Found on the Collections Board, this metric will include Source Data in the Magnifying Glass icon, this data is dependent on the date range you select at the top of the Collections Board. You can also view the 90 Day Collection Trend and the Year Over Year Collections Trend in the Graph icon. View definitions and additional information by selecting the Information ( i ) icon.

What is this?

Collections is the amount of money collected on the agreed-upon fees charged. Collections are usually lower than Net Production (the total amount the provider agrees to accept as payment) and it is certainly lower than Gross Production (the provider's total invoice amounts before insurance adjustments and other adjustments). A dental practice reports its collections on the income statement. This metric includes the following data points:

  • Collections is the amount of money received and recorded in the patient's ledger

  • Collections Insurance is the sum of all insurance payments received on the insurance claims submitted.

  • Collection Patient is the sum of all patient payments received and recorded on the patient's ledger.

Why is this Important?

Is your cash flow really flowing? How do you collect on accounts to keep the cash flowing? Your company's access to cash and credit is important and may become critical if anything unexpected happens. To keep your cash flow management smooth, you need to measure it, improve your accounts receivable numbers, and prepare to withstand shortages.

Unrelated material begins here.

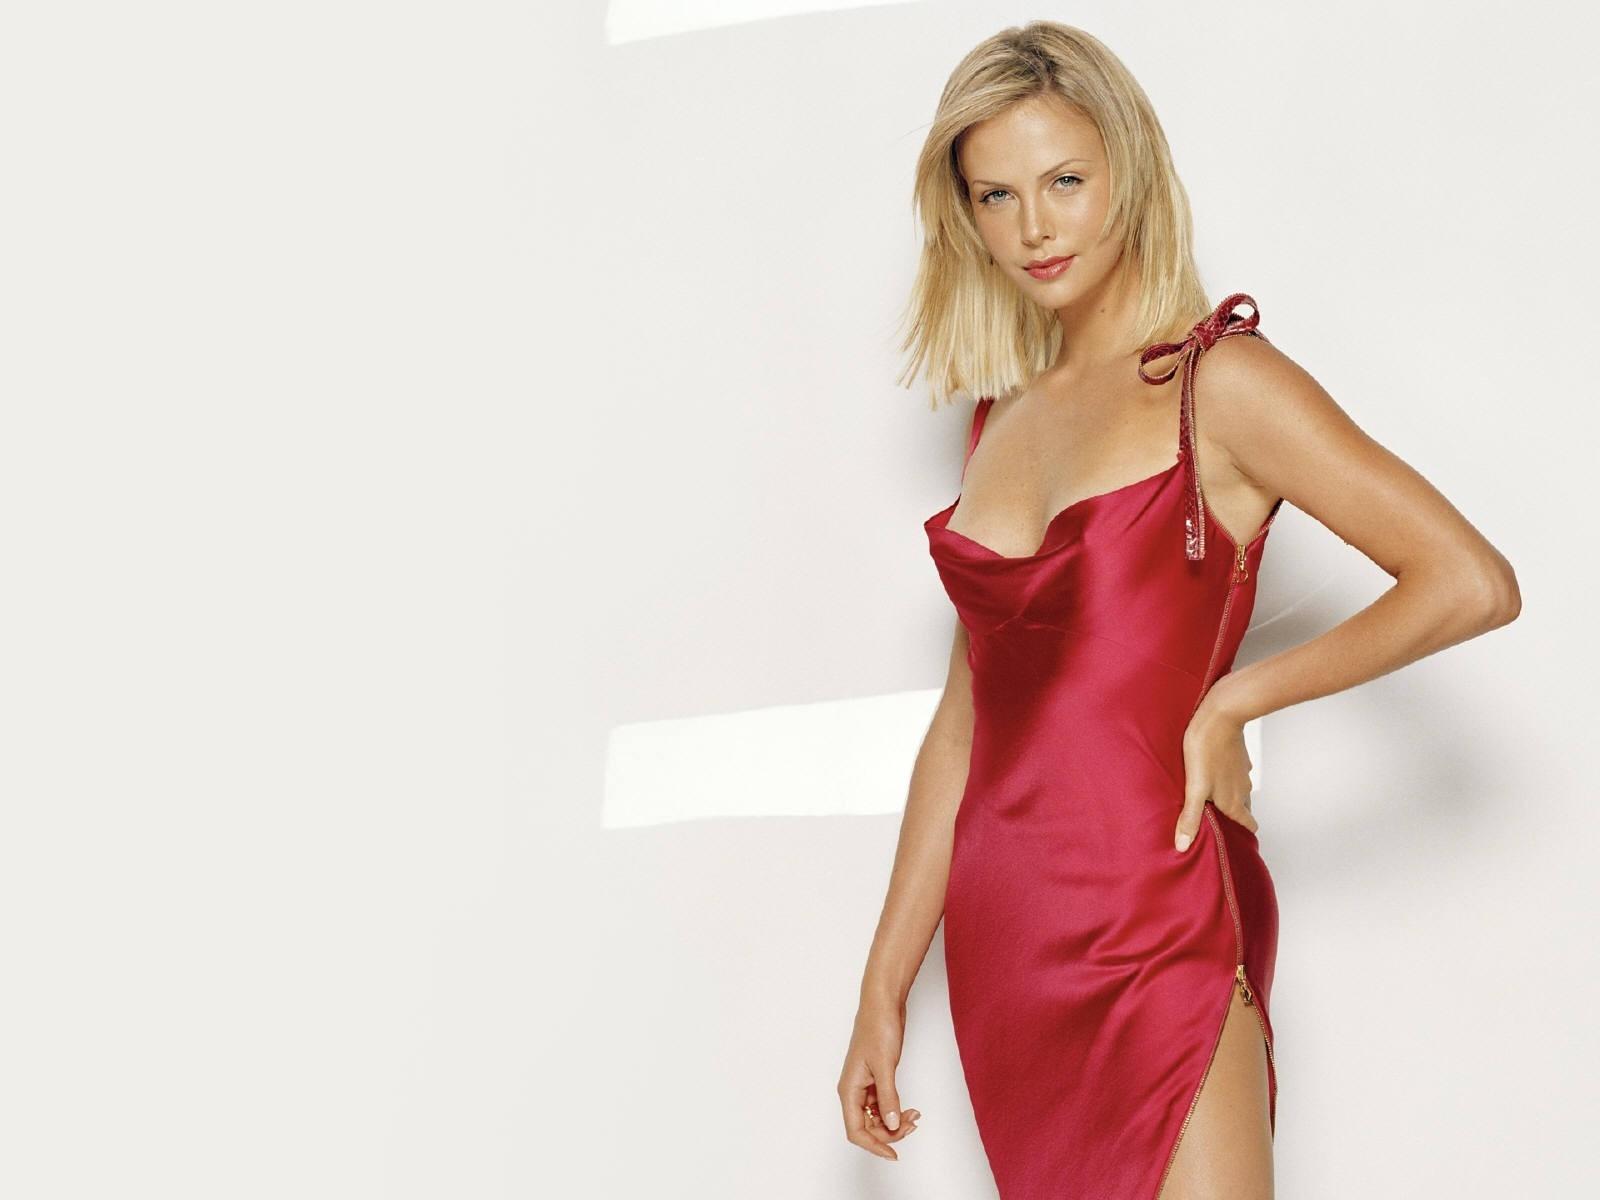 Wallpaper di Charlize Theron, splendida signora in rosso

Many factors affect how much a dental practice actually collects compared to how much it would like to collect in an ideal world. To start with, several factors lower gross collections. For example, insurance companies may not pay the provider's full fee; providers typically agree to limit their fees to scheduled amounts under their agreements with health insurance companies. In addition, some patients will not pay their bills in full or at all, so the practice will never receive the total amounts owed from those patients. Also, a provider's billing staff might cause the practice to lose money by not filing claims by the deadline, and insurers may deny some claims that aren't covered.

Suppose a dental practice's annual production totaled $1 million. That sum would represent its gross production. The amount the practice actually receives after sending the invoices to its patients and their insurance companies might be $800,000; this is the practice's collections

One way dental practices can analyze their performance is to look at their collections by payer. Typical payers include Medicare, Medicaid, private health insurance and individual patients. If a medical practice saw that its net collections were unacceptably low for one of these categories, it might stop accepting those patients or start requiring those patients to pay all or a portion of fees up front before seeing the provider or having any procedures performed.